First, let's make sure we understand the notion of the total derivative in the particle case: The Lagrangian itself is a real-valued function $L(q,\dot{q},t)$, where $q$ and $\dot{q}$ are treated as independent variables, cf. this question or this answer of mine. When we speak of a "total" derivative in the context of the Euler-Lagrangian equations, we actually mean that we take a path $q(t)$, compute its time-derivative $\dot{q}(t)$, then consider the function $L(q(t),\dot{q}(t),t)$, whose only free arugment is now $t$, and then take the derivative w.r.t. $t$. To speak of "total" or "partial" derivative is a handwavy way to distinguish between the Lagrangian as a function of independent variables $q,\dot{q},t$ (this is a partial case) and the Lagrangian as a function of time after a time-dependent path has been plugged in (this is the "total" case). So, the expression $\frac{\mathrm{d}}{\mathrm{d}t}\frac{\partial L}{\partial \dot{q}}$ means: Take the Lagrangian as a function of $q,\dot{q},t$, differentiate with respect to $\dot{q}$, then plug a path $q(t)$ into the resulting function, then differentiate with respect to $t$.

So, in the field case, we have a function $\mathcal{L}(\phi,\partial_\mu\phi,x)$ that just treats $\phi$ and $\partial_\mu \phi$ as real numbers, and of which we take the "partial" derivatives $\frac{\partial\mathcal{L}}{\partial(\partial_\mu \phi)}$. This is just the derivative of this function with respect to its second argument, nothing special, just like in the particle case.

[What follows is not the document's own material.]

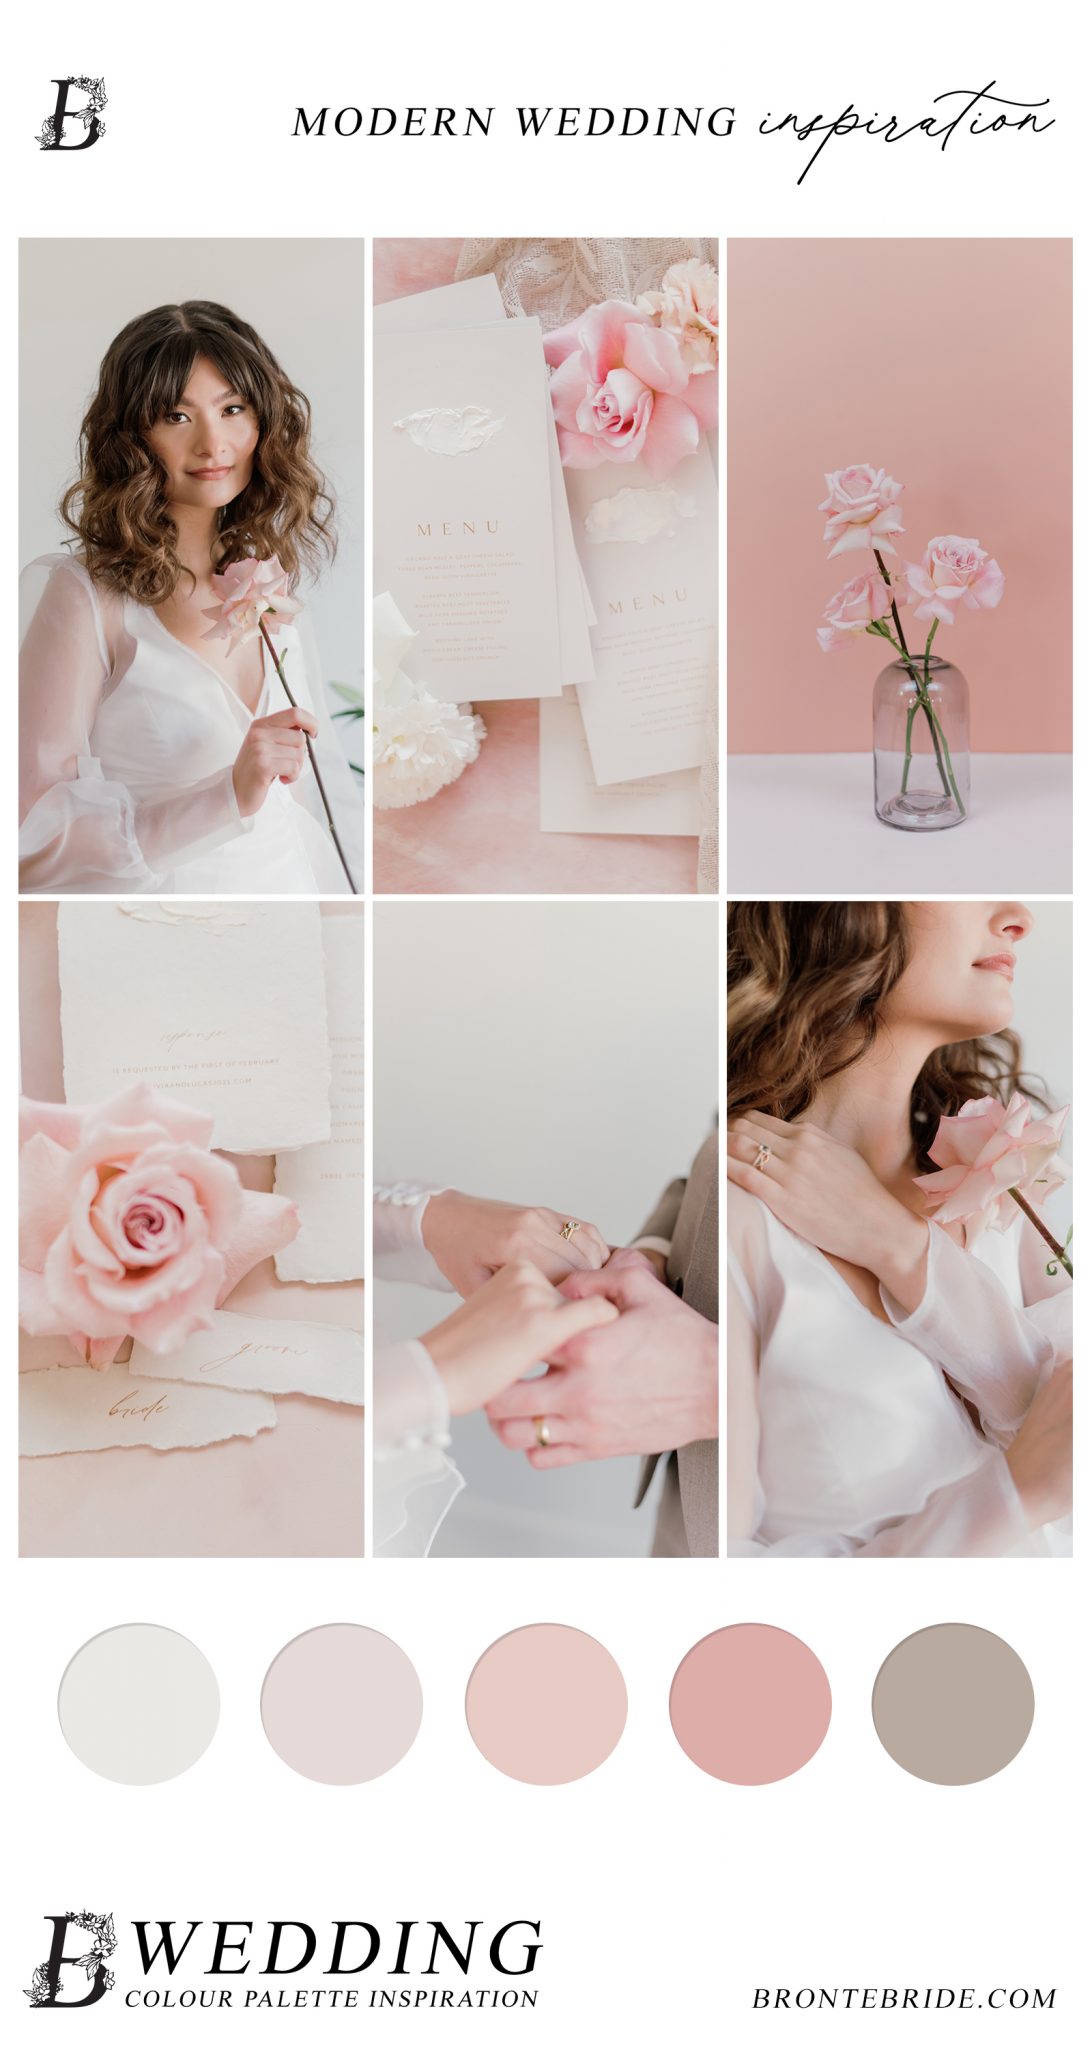 Modern Colour Palette Inspiration - Berry and Pink Wedding Colour Scheme on Bronte Bride 
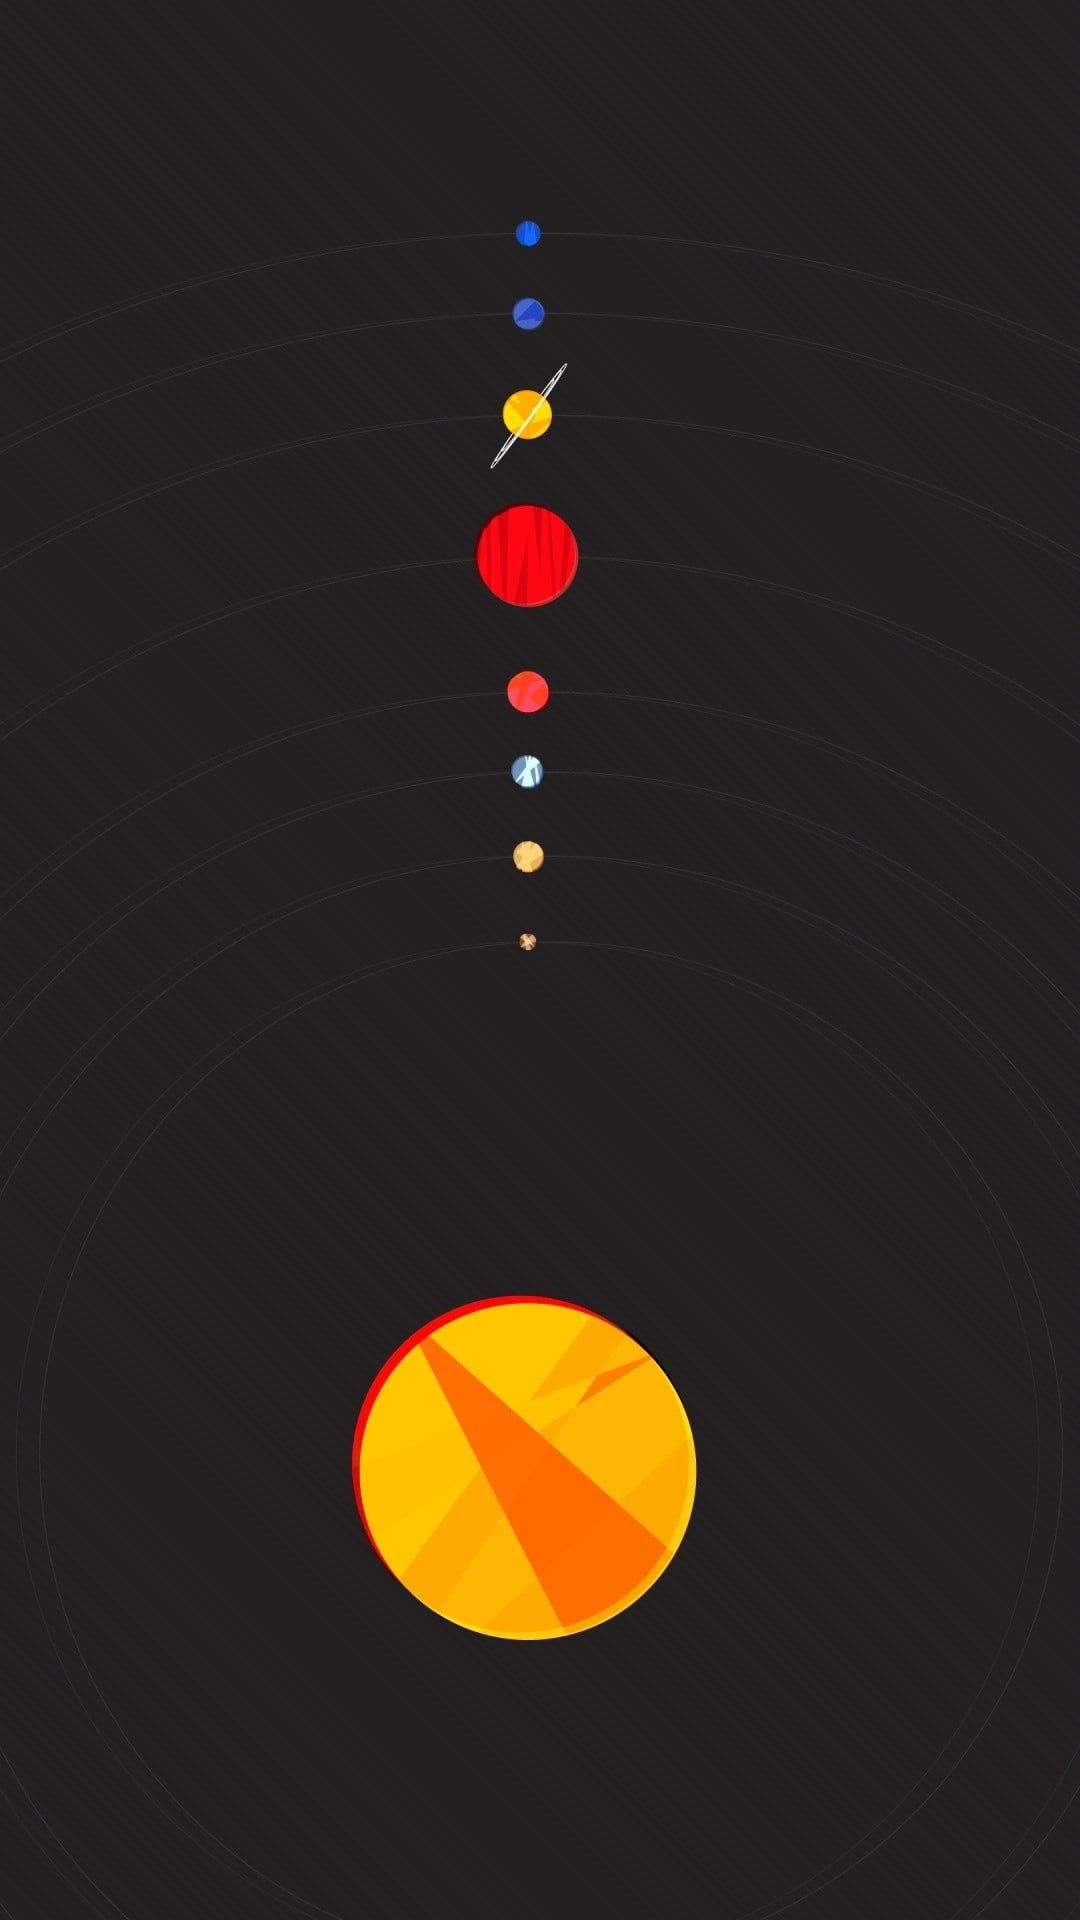 Solar System For iPhone Wallpapers - Wallpaper Cave

Now, once again, you can plug in a field $\phi(x)$ into this function, and you get a function $\mathcal{L}(\phi(x),\partial_\mu \phi(x),x)$ that is now just a function of $x$, and you can differentiate this object. Like the $\frac{\mathrm{d}}{\mathrm{d}t}$ in the particle case, the $\partial_\mu$ in the field version of the Euler-Lagrange equation is supposed to act in this way: You differentiate the function $\mathcal{L}$ with respect to its second argument, then plug in a field $\phi(x)$, then differentiate the resulting function w.r.t. $x^\mu$ - so the derivative is indeed a "total" one.

Answer 3

For 1 Parameter functions: $\partial_t = \frac{d}{dt}$, e.g $\dot{q} = \frac{d q}{dt} = \partial_t q$. However, you should not interpret $\frac{\partial L}{\partial \dot{q}}$ as an ordinary partial derivative. The Euler-Lagrange-equation (ELE) arises from a variational principle $\delta S = 0$ and is therefore derived with functional derivatives.

We get the rule that one can form a partial differential equation from $\delta S = 0$ by treating $L(q,\dot{q},t)$ as a function of the independent variables $q,\dot{q},t$ and then applying the ELE. This doesn't allow you to interpret $L=L(q,\partial_t q, t)$ as a function of $q,t$ alone, or else the ELE derivation would have failed in the first place. The fact that for 1 parameter functions you get an ordinary differential equation is just coincidence because 1 parameter partial differential equations are ordinary differential equations.

So in fact, the ELE are partial differantial equations for fields $\phi(t,x,y,z)$ and particle trajectories $q(t)$. In the later chase however, this happens to be ordinary differential equations, too.